The techniques and weapons of terrorism have become a tradeable, exportable “merchandise” even among those of different creeds; a global merchandise, like any other, that knows no religious or racial discrimination.
Yesterday, in a televised speech to his followers in Beirut’s southern suburb, Lebanon’s Hezbollah secretary general Hassan Nasrallah announced that Hezbollah has been producing drones in Lebanon and is ready to sell them to “whoever wants to buy them.” With a threatening, show-of-force tone, Nasrallah said: “We now have the capability of turning thousands of our rockets to precision missiles. We began production years ago. The Israelis can look all they want for our missiles’ location, but they must know we do not store them all in one place; we disperse them.”
Before delving into the significance of this statement, let us, once again, reaffirm an already evident concept, which is the striking resemblance between all the makers and leaders of transnational groups and militias that have no regard for the intuitive concept of states.
Al-Qaeda chief Ayman al-Zawahiri had walked in the footsteps of Nasrallah, or, shall we say, Nasrallah has walked in al-Zawahiri’s footsteps. It makes little difference, anyway. In an old recording, al-Zawahiri, brazenly boasting a white “ghutra,” a headdress traditional to Gulf countries, said that al-Qaeda and all jihadists are willing to assist all those who request their services, including non-Muslims. Sure enough, his words were not as explicit, since he engulfed them in the necessary hadiths, verses, and usual inflammatory language, such as: “We must support all those who fight the slaves of America and Zionists.” In short, he justified and legitimized support from al-Qaeda and its groups to all those who ask for their help –and even those who don’t; al-Qaeda is willing to volunteer its services– be they Muslim or infidels.

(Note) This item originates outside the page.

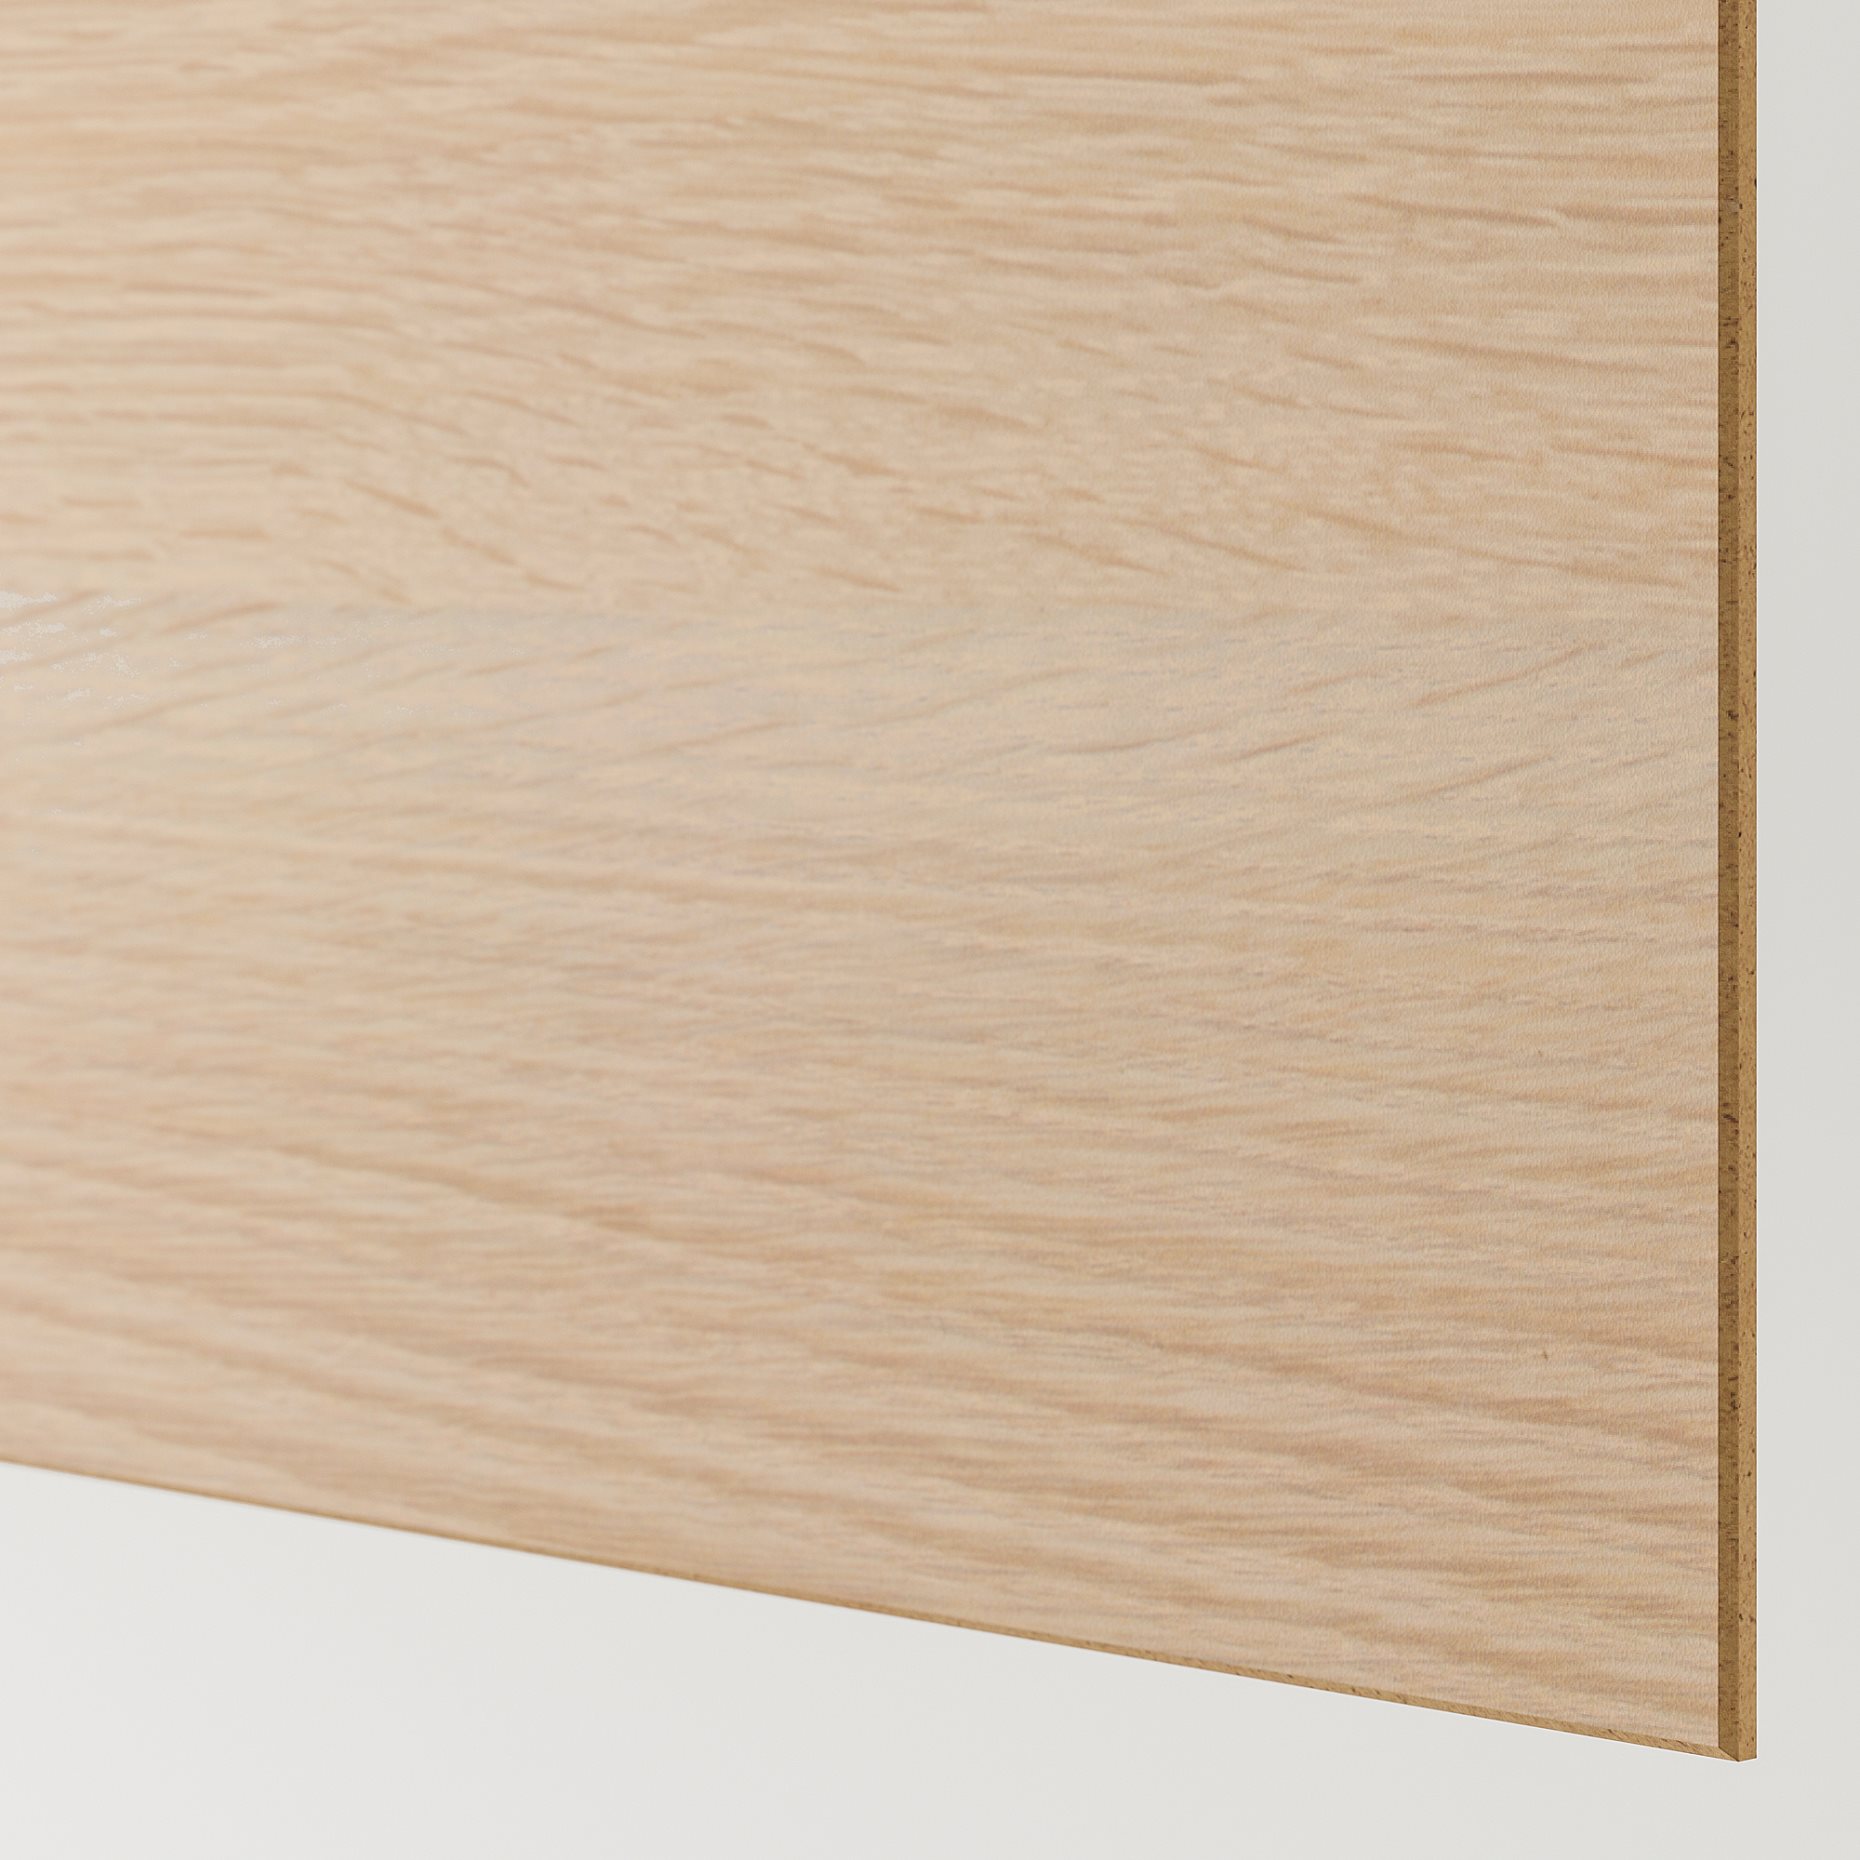 MEHAMN, 4 panels for sliding door frame, 100x201 cm, 004.211.85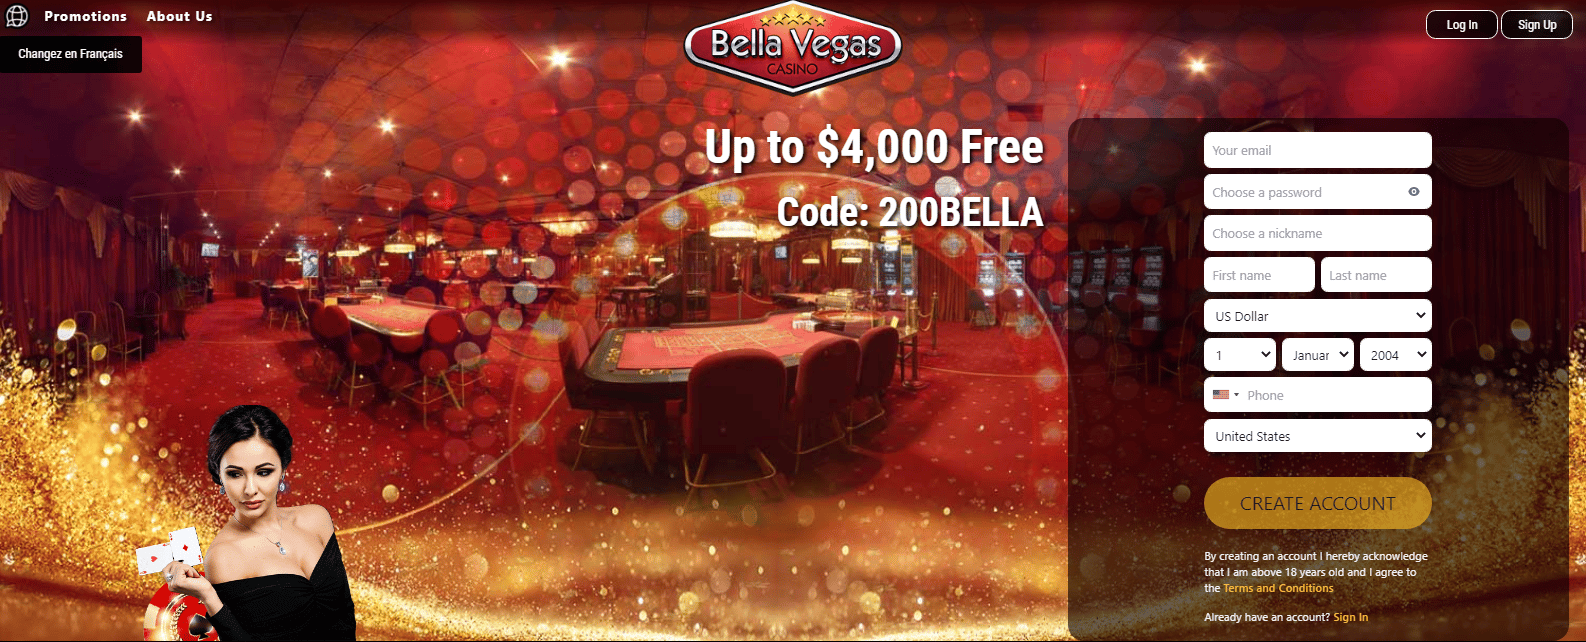 Bella Vegas Casino User Interface

So, what is the difference between Nasrallah’s exportable services and al-Zawahiri’s?
This question inevitably leads to a bigger question: to what extent are these stances based on religious ideology and true faith? And to what extent are they motivated by political “manipulation,” intelligence collaboration, smuggling and arms trade cartel operations, and international terrorist service offerings?
The infamous Palestinian Abu Nidal terrorist organization founded by Sabri al-Banna had started out as a “militant” organization in the Palestinian revolution, but later became a mere contract killer for regimes and intelligence agencies.
In conclusion, we must delve beyond the ostensible religious ideals in the calls of these groups, for in the hidden depths of their claims lies the naked truth.